Comme je l'annonçais (cf. A propos), ce blog se veut un blog contributif dans lequel tout le monde peut participer en respectant le thème, même si c'est de façon ténue. La première à s'y coller, c'est Anne etje l'en remercie ! Bises !)J’ai peu de souvenirs de ma petite enfance, sûrement sont-ils enfouis dans une zone où je ne sais pas accéder.
Ceux qui me restent sont des déchirures. L’une d’entre elle au sens propre.
J’avais un doudou, comme beaucoup d’enfants de parents qui ont lu Dolto. Mon doudou, c’était une couche en tissus. Comme tous les mômes des générations d’avant la pampers moderne, sans doute.
Mon doudou, il était crade, il sentait mauvais, mais c’est comme ça que je l’aimais. Maman devait lutter pour me l’arracher de temps à autres et le passer à la machine (après tout, à quoi ça sert de tout stériliser si c’est pour laisser les bébés s’attacher à n’importe quelle serpillère crasseuse ?).
Un jour, et j’en viens à mon souvenir, elle l’a lavé, et d’usure, il s’est déchiré en deux morceaux. Elle a bien sûr tenté de me faire croire que maintenant j’en aurais deux, mais pour me convaincre, elle aurait dû commencer beaucoup plus tôt.
Je me souviens de ma colère, de ma rage, de ma déception ce jour- là, quand on m’a apporté un doudou qui n’était plus lui-même. Sensation d’abandon, mon pote doudou n’était plus.

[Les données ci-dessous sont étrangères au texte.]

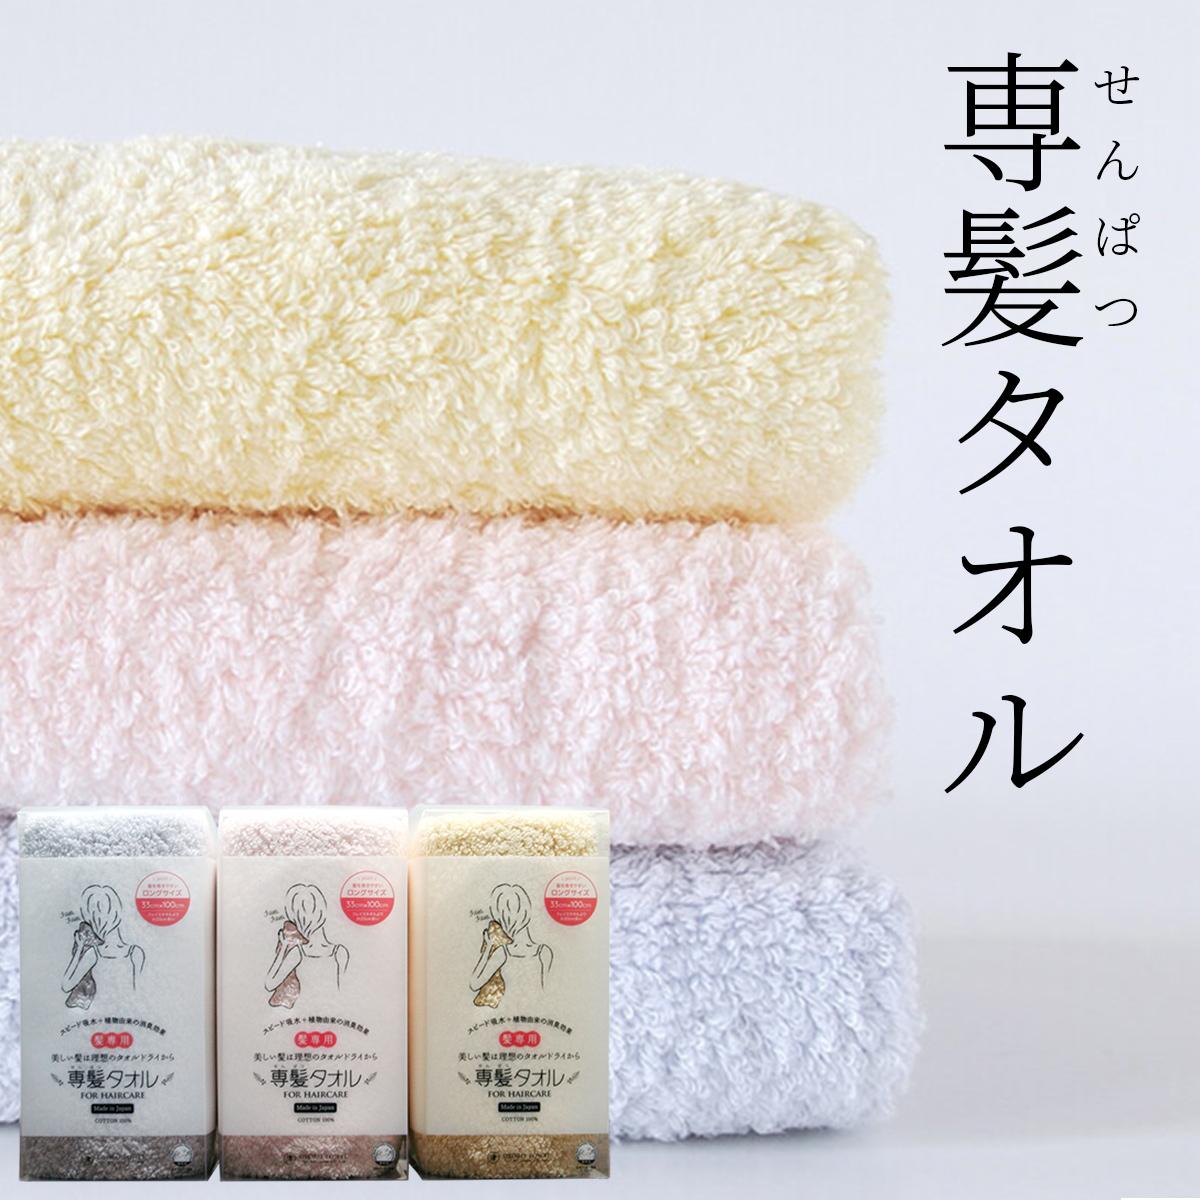 おぼろタオル 専髪タオルの商品画像 ナビ

Evidemment, quand je suis devenue maman, c’est l’une des premières choses auxquelles j’ai pensé. Et j’ai fait le plein de doudous identiques pour ma fille, je l’ai habituée à les laver régulièrement, qu’elle s’attache aussi un peu à l’odeur de la lessive.
Dans tous les cadeaux qu’on a reçus, je me suis rendu compte que la couche en tissus existait encore, puisqu’il y en avait un nombre certain, agrémentées certes de jolies broderies, mais des couches en tissus quand même.
Ma fille n’en a jamais utilisé la moindre comme doudou, mais elles lui ont servi à éponger des bavouilles variées et plus ou moins odoriférantes.
En les lavant, je pestais sur la place que ça prenait, jusqu’à ce que mes doigts rencontrent un morceau d’étoffe au fond de la machine. Avant de la sortir, j’ai cru un instant que doudou, mon doudou, était ressuscité du fond des âges. Le même toucher, exactement. C’est ma mémoire sensorielle qui me l’a dit, et c’était tellement puissant et venu de loin que je n’ai aucun doute sur sa reconnaissance. Et pendant quelques secondes, je me suis sentie étonnamment bien, à l’abri, protégée, dans une sorte de bulle de bien-être inattaquable et complètement irrationnelle.
Et puis je l’ai sorti, il y avait un ourson dessus, une fleur, enfin rien à voir pour le look avec mon doudou uni blanc sale. Mais la puissance du souvenir qui s’est manifesté par le bout de mes doigts m’a consolée d’une chose : peut-être qu’on a l’air d’oublier, entre enfant et âge adulte, nos toutes premières années. Mais il reste des sédiments qui ne demandent qu’à se ranimer. Tout est là, à portée de main. Même si on ne s’en rend pas compte.